Construction of the new Council Bluffs plant is planned to begin Oct. 1, and the new facility is expected to be completed within 12 months.
Buckhead builds for the future
Buckhead Beef, a business unit of Sysco Corp. and supplier of meat-based proteins to the foodservice market, plans to build a new beef processing facility in College Park, Ga., that will open in the spring of 2012. The new facility will replace Buckhead’s current facility in Atlanta. The company is also opening a new plant in Charlotte, NC, later this summer.
The College Park plant will be built on land already owned by the company, and will feature 67,000 sq. ft. of production space and serve as the company’s headquarters. The facility also will have a culinary center the company will use to work with customers on product development projects.
“This new facility will be much larger than our present one and incorporate the most advanced technology, allowing us to be more efficient and increase production,” said Chad Stine, president of Buckhead Beef. “We will be able to better service our clients, continuing to provide them with our full product line, including Certified Angus Beef, veal, poultry, fresh seafood, wild game, lamb, pork and specialty prepared foods.”

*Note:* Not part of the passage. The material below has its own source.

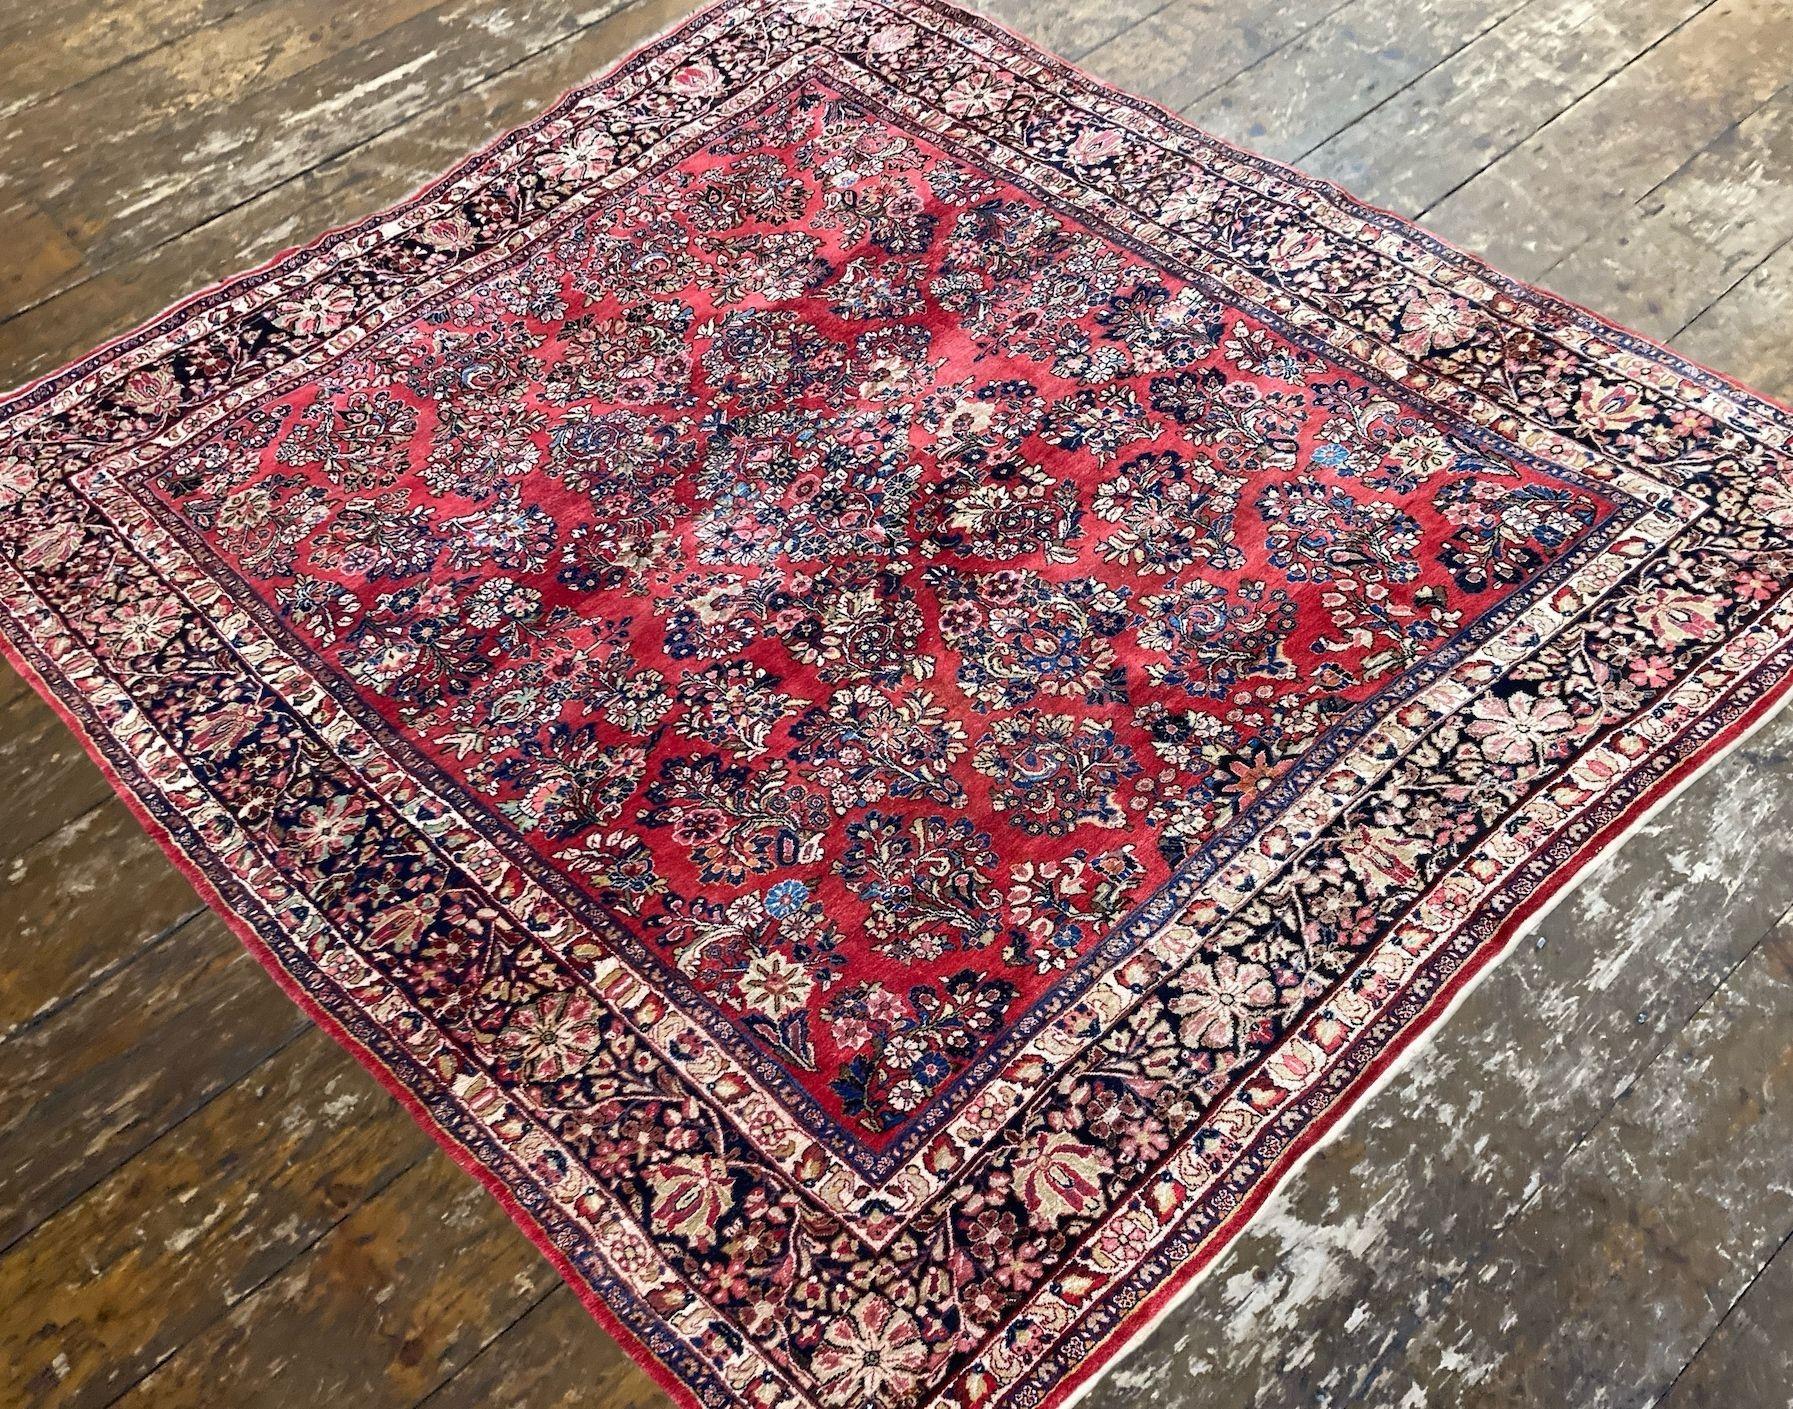 Wool Antique Sarouk Carpet 3.07m x 2.45m For Sale

The new 24,000-sq.-ft. production facility in Charlotte will eventually serve both North and South Carolina. Buckhead currently services Charlotte through its Atlanta plant .

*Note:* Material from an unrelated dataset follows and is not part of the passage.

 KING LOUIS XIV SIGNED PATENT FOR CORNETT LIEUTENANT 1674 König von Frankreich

“We are excited about the opportunity this new facility will give us to offer restaurants and chefs in the Charlotte area with the same high level of quality products they have previously enjoyed but with a greater level of personal service,” Stine said.
“Now chefs can request unique cuts with little lead time, allowing them more creativity in the kitchen,” he added.
JBS USA on the move
Utah’s Board of the Governor’s Office of Economic Development met and approved a post-performance tax rebate to allow JBS USA Holdings Inc. to expand its presence in Hyrum, Utah. The company plans to invest more than $30 million in developing a new and expanded meat packing and processing facility in the state.
When completed, the expansion will employ 420 new full time staff in addition to the nearly 1,000 current employees at the location.
“We feel this expansion will help us sustain our presence in the state by improving efficiencies and adding production capacity that will and provide a solid foundation for years to come,” said Jerry Petersen, JBS director of operations at the Hyrum plant.
JBS USA Holdings Inc. – formerly Swift Foods Company – is a wholly owned indirect subsidiary of JBS SA, headquartered in São Paulo, Brazil.
Expect industry construction projects, ranging from new plants to plant expansions and renovations, to continue – and even accelerate once the economy is back running on all pistons again. Equally important, expect industry brick-and-mortar projects to ramp up as global demand for meat and poultry products increase. Those companies ahead of the curve will be best able to cash in on anticipated increasing demand.